The Patient Protection and Affordable Care Act (PPACA) provides that preventative care services, including a CRC screening colonoscopy, shall be covered by a health benefit plan with no copayment or coinsurance costs to the patients. However, PPACA did not address what happens when a screening colonoscopy procedure becomes a polypectomy. Before PPACA was revised to require health plans to cover polypectomy as part of preventative colonoscopy (see lead story in this newsletter), the procedure was deemed to be “therapeutic,” not “preventative,” and health insurance copays and coinsurances kicked in. The outcome was patients being hit with unexpected colonoscopy costs.
We all celebrated when the Centers for Medicare and Medicaid Services (CMS) issued the new PPACA ruling that changed this policy. However, the CMS ruling does not address Medicare procedures. Under Medicare, colonoscopies are reclassified as therapeutic if polyps are removed during the procedure, and patients must pay coinsurance of 20% of the Medicare-approved charge. Changing the Medicare policy will require action by Congress.
In order to address this inequity, Sen. Ben Cardin (D-MD) recently introduced S. 608, the Supporting Colorectal Examination and Education Now (SCREEN) Act. The bill will waive cost-sharing for Medicare patients when polyps are removed during a colonoscopy.

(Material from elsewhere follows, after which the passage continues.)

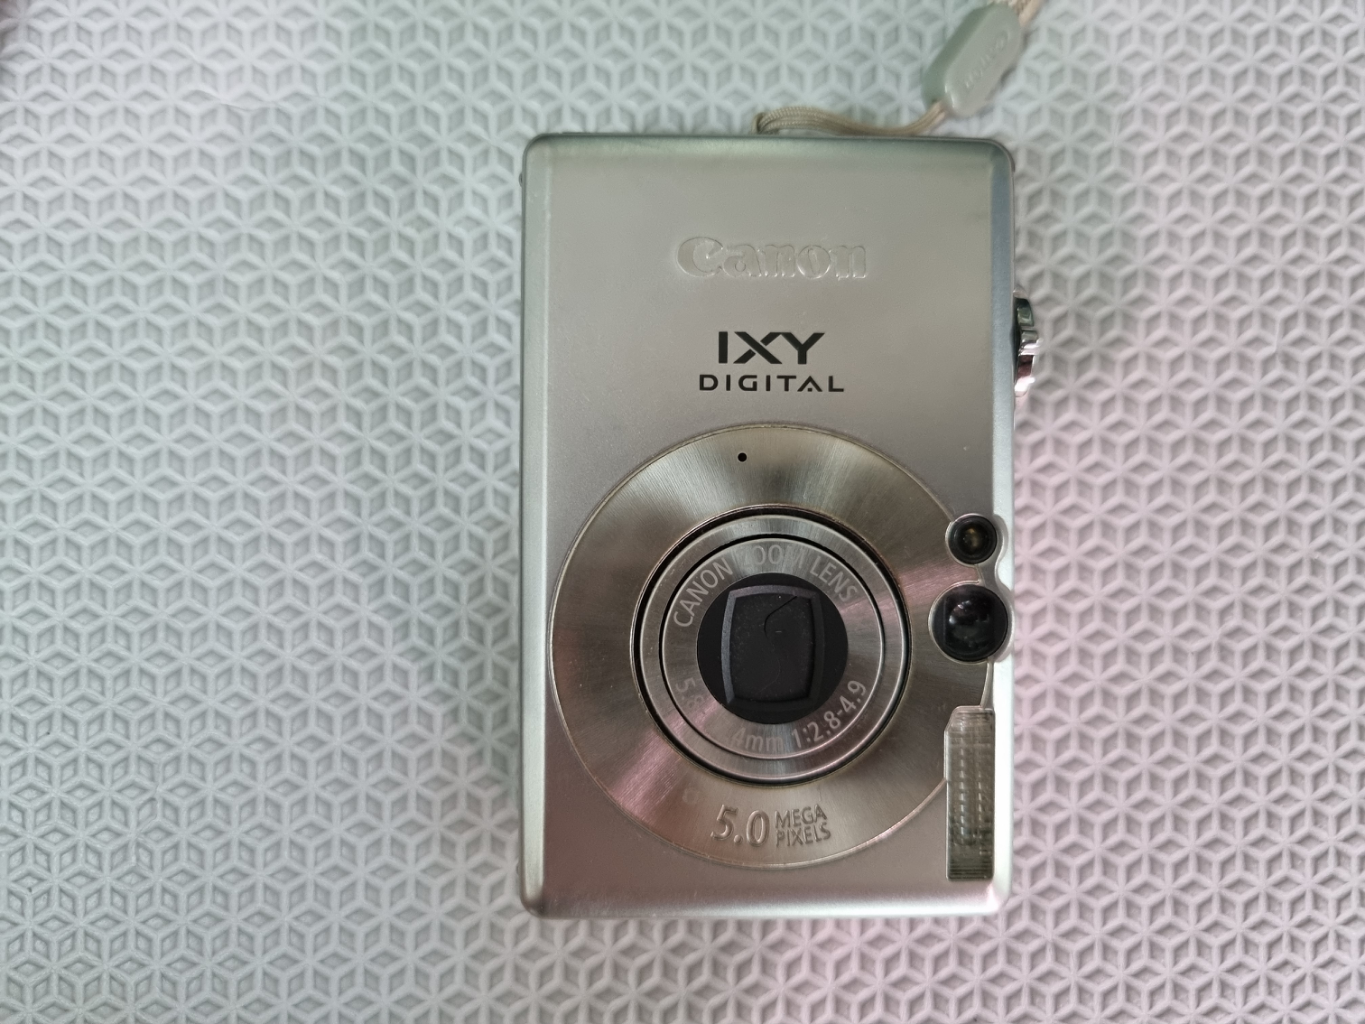 캐논 Ixy60 디지털카메라
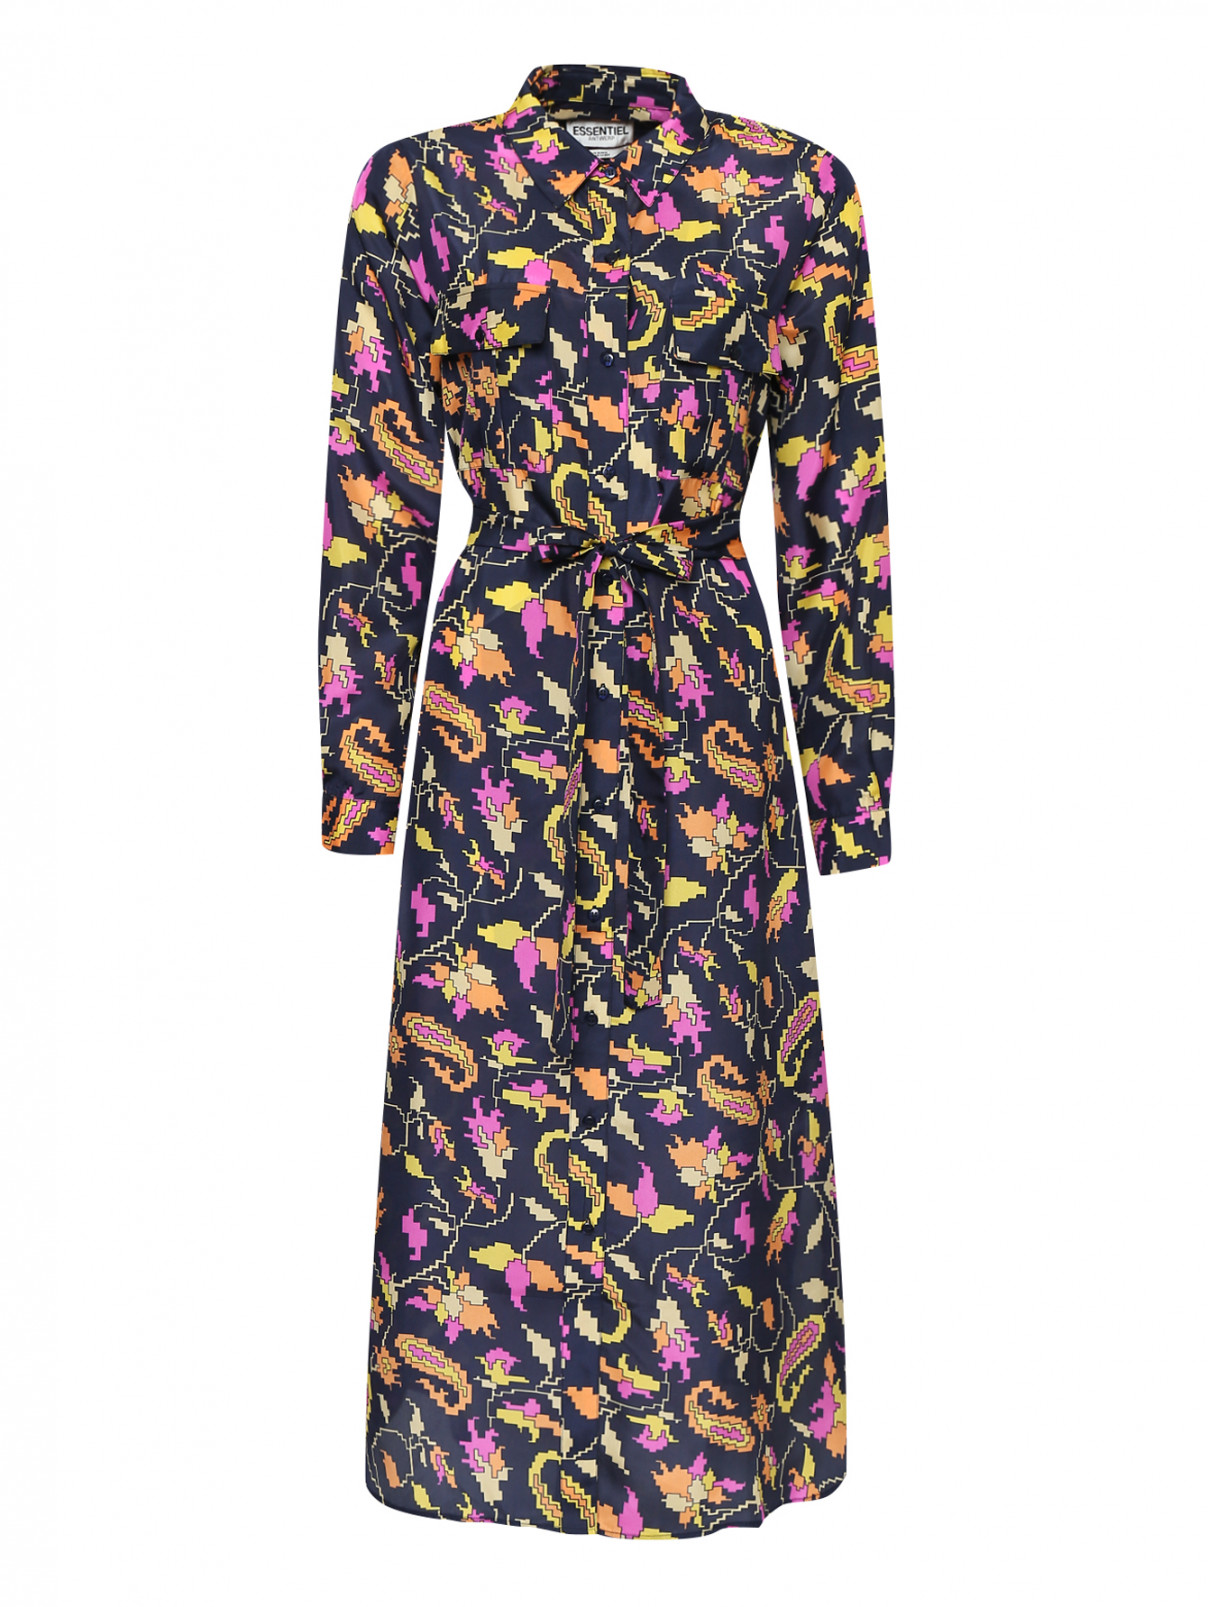 Платье из шелка, с геометричным узором Essentiel Antwerp  –  Общий вид  – Цвет:  Мультиколор

The SCREEN Act will amend Section 2713(a)(1) of the Public Health Service Act (42 U.S.C. 300gg-13(a)(1)) by inserting: “(including related activities occurring as part of the same clinical encounter, such as conducting a biopsy or by removing a lesion or growth)”.
The proposed legislation also provides for the notification of all Medicare beneficiaries about the screening benefit and will cover a prescreening visit under Medicare. The SCREEN Act provides:
“...prior to a colorectal cancer screening test consisting of a screening colonoscopy or in conjunction with an individual’s decision regarding the performance of such a test on the individual, an outpatient office visit or consultation for the purpose of beneficiary education, assuring selection of the proper screening test, and securing information relating to the procedure and the sedation of the individual.”
A companion bill, H.R. 1320, has been introduced by Rep. Richard Neal (D-Mass.) in the House of Representatives. Finally, the SCREEN Act also would provide physicians the opportunity to earn higher reimbursements for providing colonoscopies. The legislation would create a preventive services payment modifier for colorectal cancer screening. Under the bill, physicians could earn incentive payments by meeting national colorectal cancer screening goals and minimum standards for knowledge, training, continuing education, and documentation.
We applaud the actions of Sen. Cardin and Rep. Neal, and urge you to write or phone your lawmakers in Congress to voice your support of these important pieces of legislation.